Sul piano politico condivide le critiche di chi denuncia una certa partitizzazione dell'apparato
dello Stato e un certo autoritarismo nell'azione di governo?
In una certa misura è vero e si può spiegare: al governo è arrivato un movimento, non un partito
creato per governare, e il suo programma si è precisato strada facendo. Il movimento, inoltre,
riuniva persone di diversa provenienza e aveva bisogno di raggiungere una certa omogeneità, ma
una situazione di conflittualità permanente favorisce l'emergere di tratti autoritari. Il governo ha
rischiato più volte di cadere per l'opposizione delle regioni ricche e l'ostilità degli Stati Uniti, che
operano attivamente affinché questo processo fallisca. Perciò la coesione era importante, ma il
pericolo che essa sfoci nell'autoritarismo è visibile in alcuni comportamenti e nelle posizioni di certi
dirigenti più intolleranti. Bisogna invece guadagnarsi il consenso della società civile boliviana, che
ha imparato a dire la propria parola e a mettere in discussione qualunque altra parola non le piaccia.

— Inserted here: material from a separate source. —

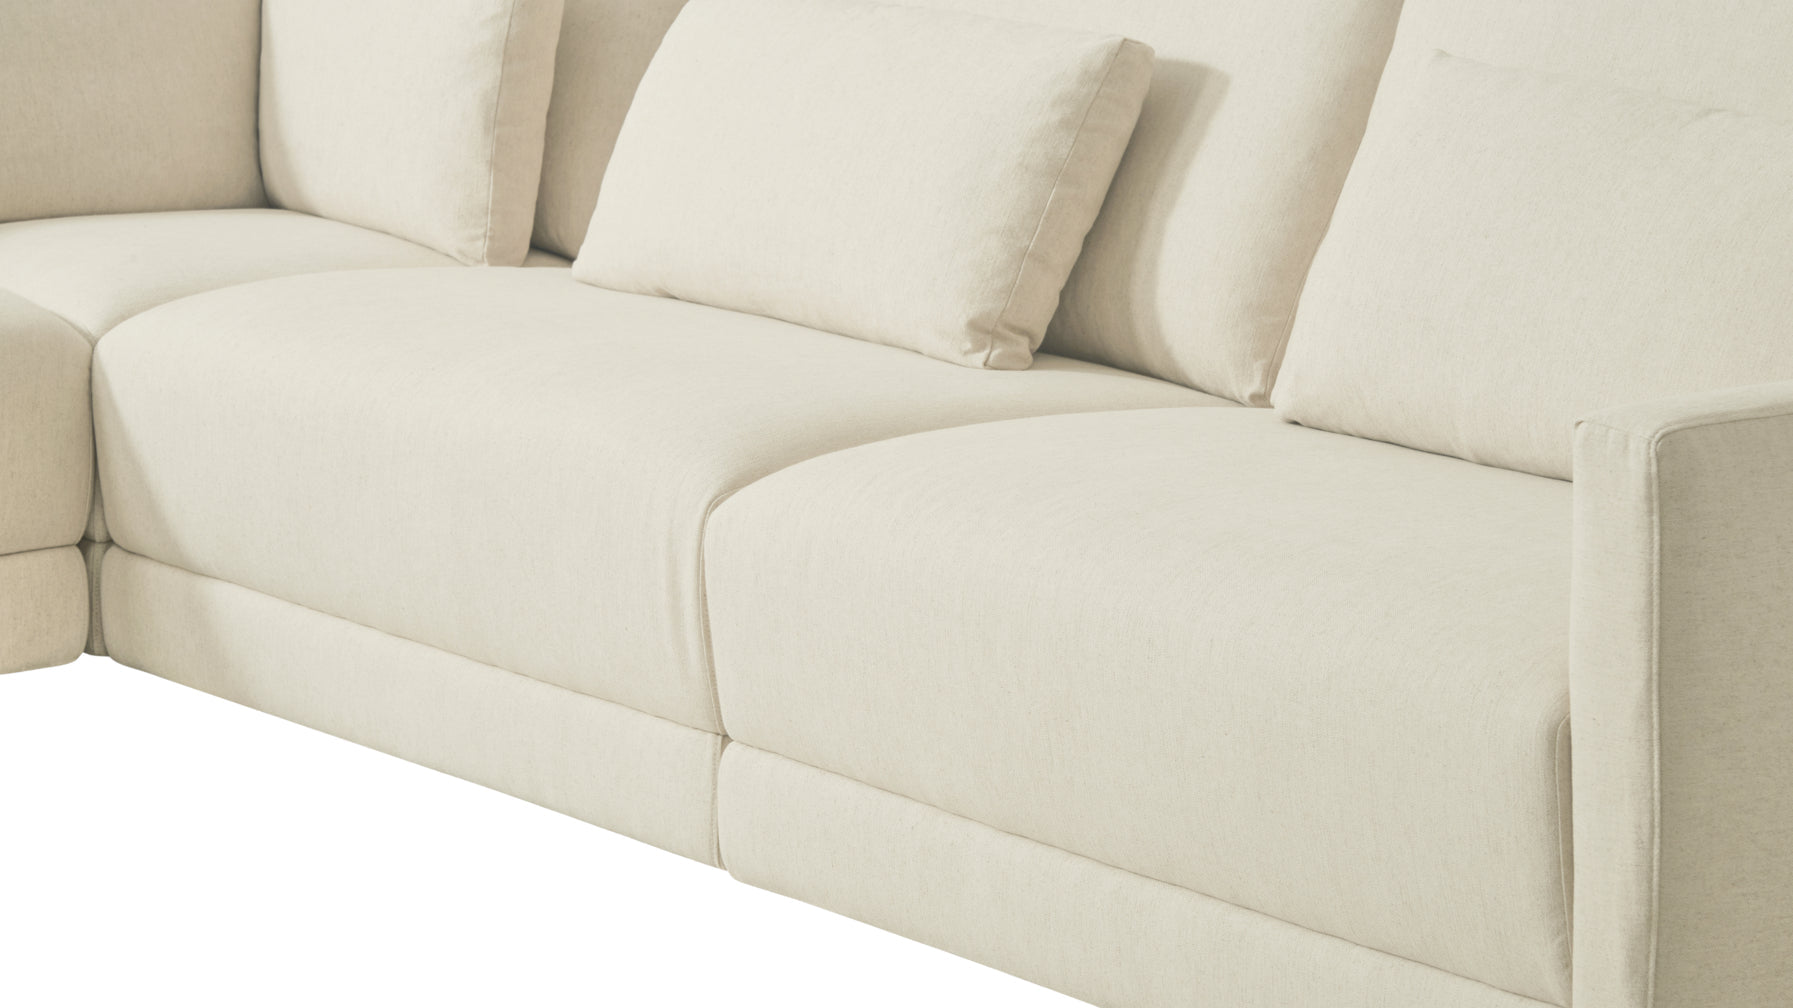 Wind Down 5-Piece Modular Sectional Closed, Beach - Image 7

Il governo l'ha sperimentato col gasolinazo e si presume che ora assuma un atteggiamento più
aperto.
E i settori che in passato si sono più impegnati a favore dei processi di cambiamento?
Sono i più danneggiati da questo scontro verbale, perché si trovano “tra due fuochi”: i vescovi
vicini all'opposizione sospettano che siano alleati del governo e li mettono in guardia dal prendere
posizione, mentre le organizzazioni popolari esigono da loro coerenza con la predicata opzione
preferenziale per i poveri e lealtà al processo di cambiamento. Sono quindi tirati da una parte e
dall'altra da una richiesta di fedeltà: ai movimenti sociali o alla gerarchia. Quindi questo settore
ecclesiale si trova costretto a scegliere tra il prendere le distanze dai vescovi ed eliminare il
riferimento religioso dalla propria pratica o tacere e allentare i propri rapporti con le organizzazioni
popolari. La polarizzazione ha molto indebolito e disarticolato il settore ecclesiale progressista,
come le Comunità ecclesiali di base o le congregazioni religiose inserite negli ambienti popolari.

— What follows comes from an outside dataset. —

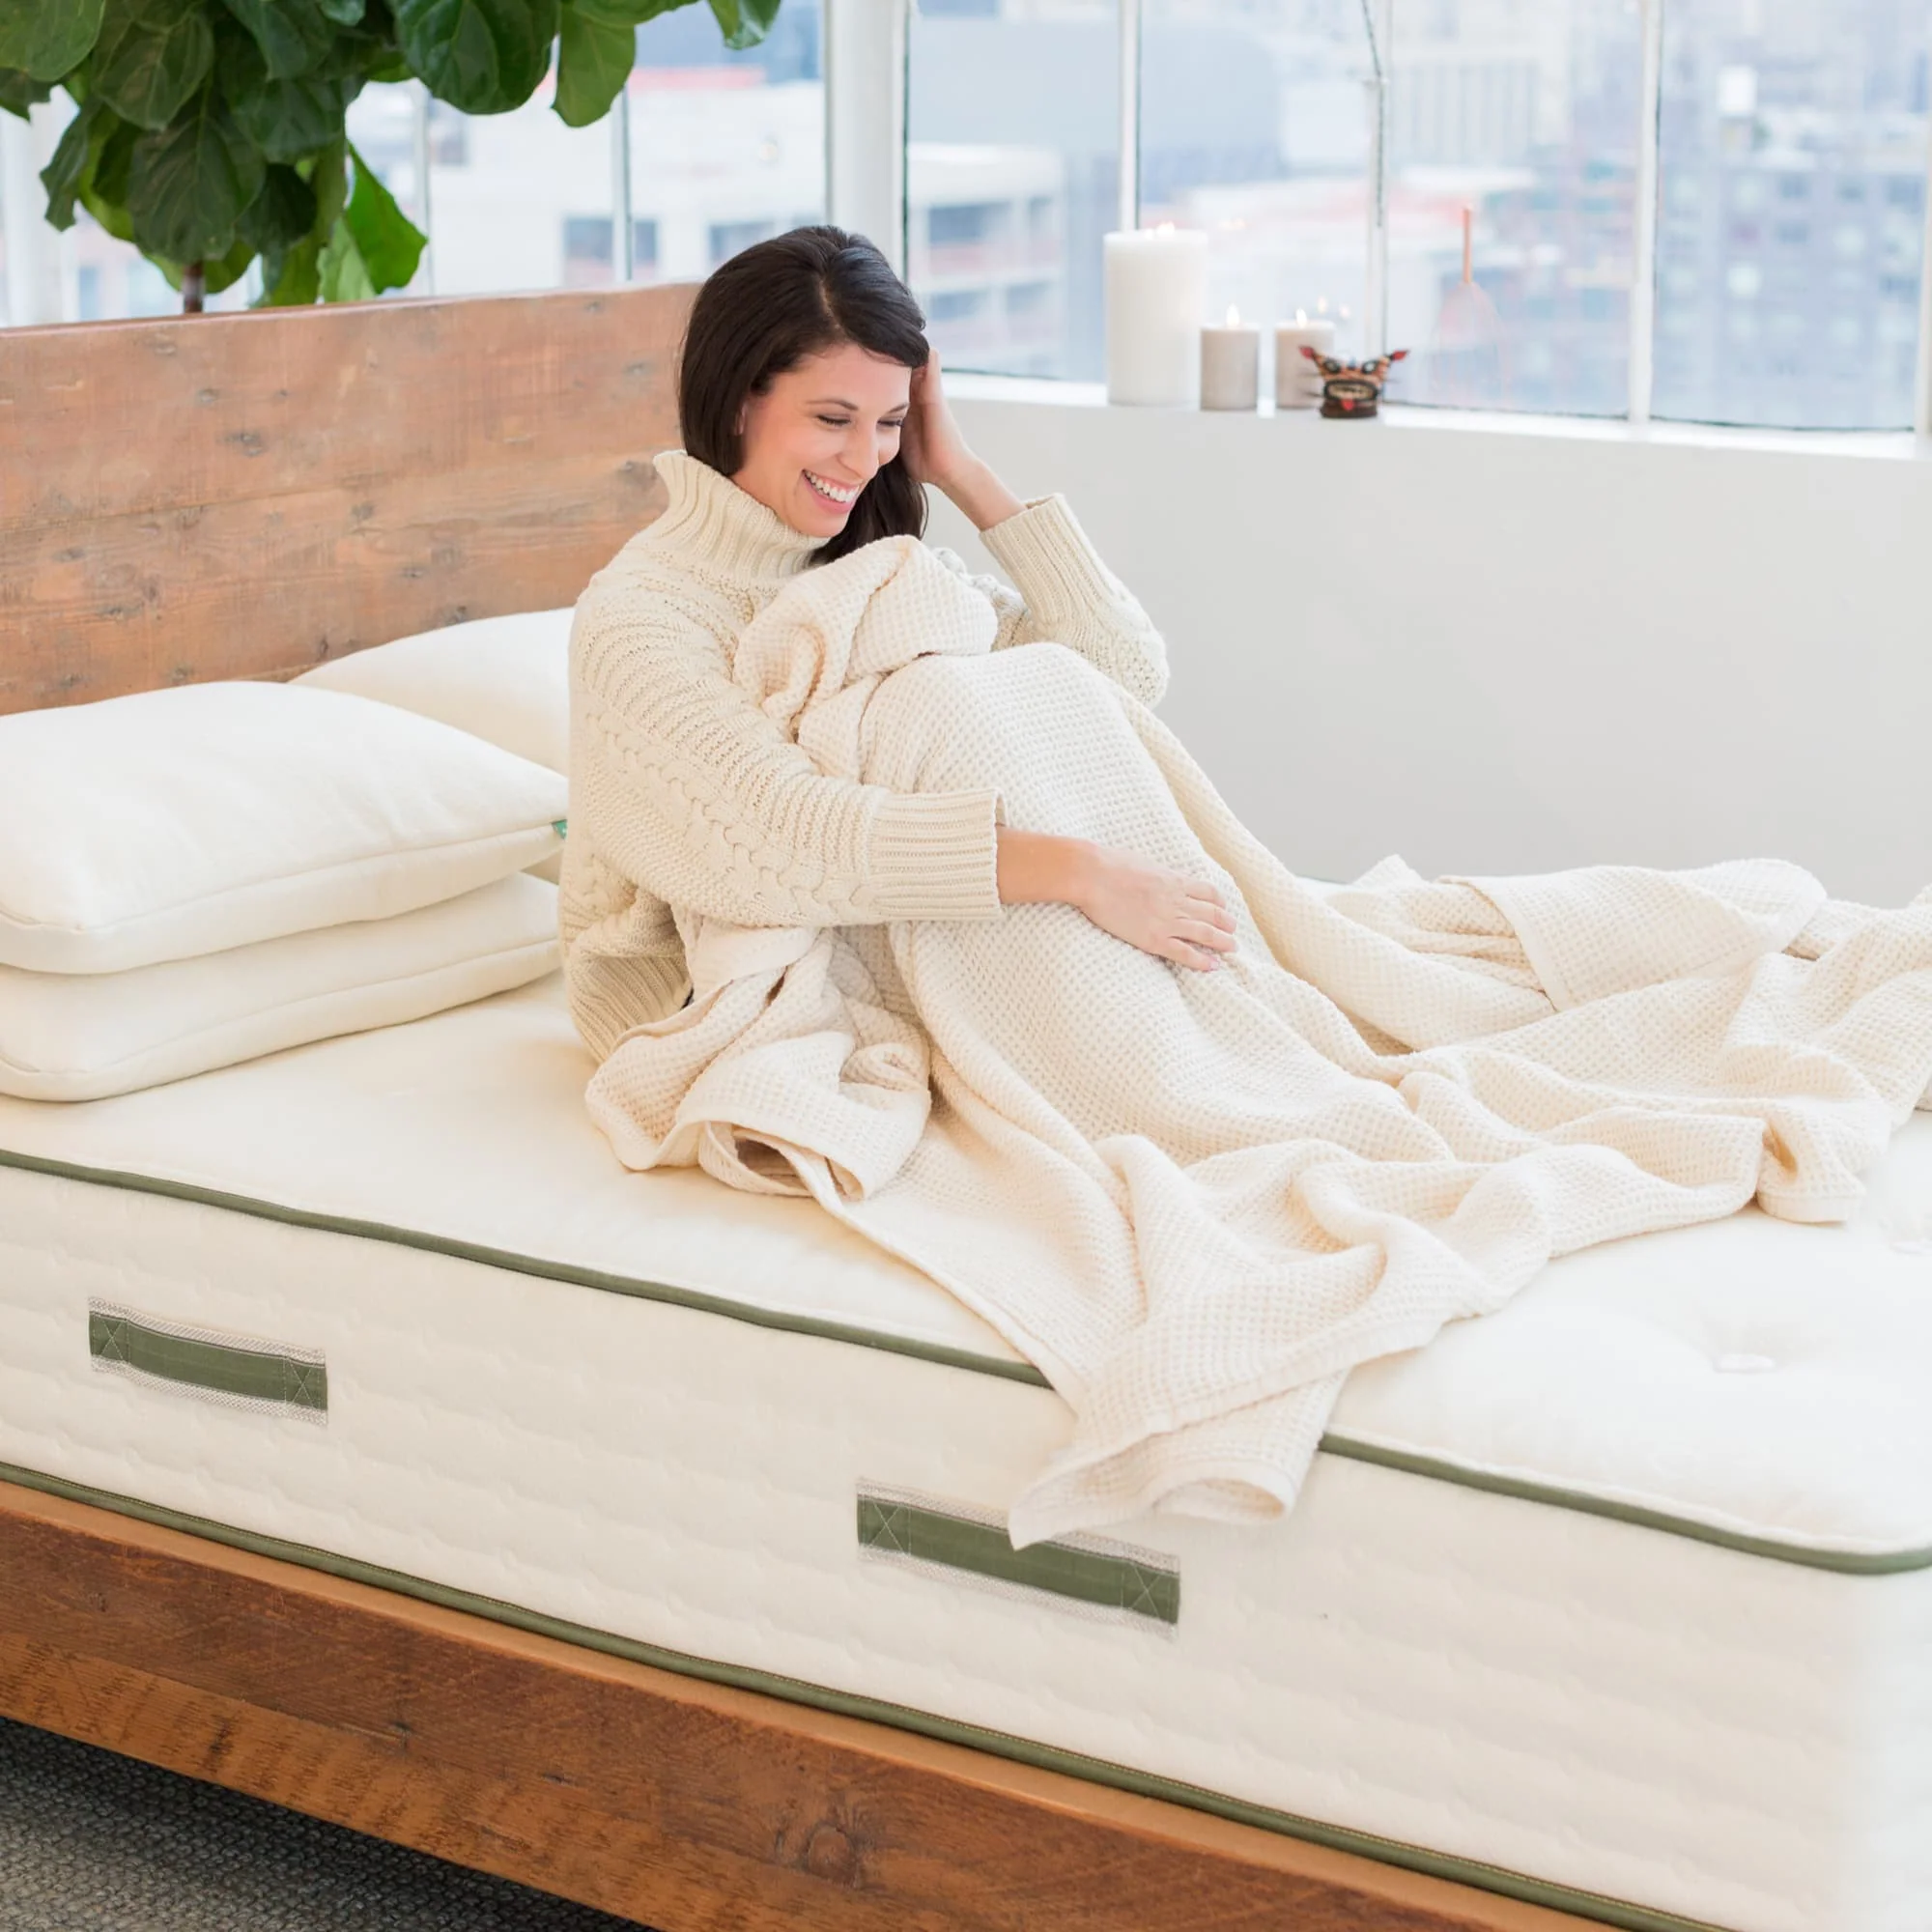 Woman sitting up on eco-freindly Avocado mattress in light-filled high-rise room; wood bedstead and plant visible - photo

Non c'è stato un tentativo di riflettere su quale dovrebbe essere una presenza cristiana
impegnata, ma critica, da parte del settore che condivide il processo nel suo insieme, ma
magari non alcuni singoli provvedimenti?
Nel dicembre scorso l'Iseat ha promosso un seminario su “Fede e politica” per riflettere liberamente
e in un ambito ecumenico. Pensavamo saremmo stati un piccolo gruppo, mentre sono arrivati molte
persone da diverse parti del paese. Ciò dimostra che la gente stava cercando uno spazio di questo
tipo, per cui vogliamo ripeterlo a livello di dipartimenti anche per favorire un collegamento tra
settori ecclesiali impegnati nella linea della Teologia della liberazione. Speriamo che nella stessa
Chiesa cattolica nascano questi spazi.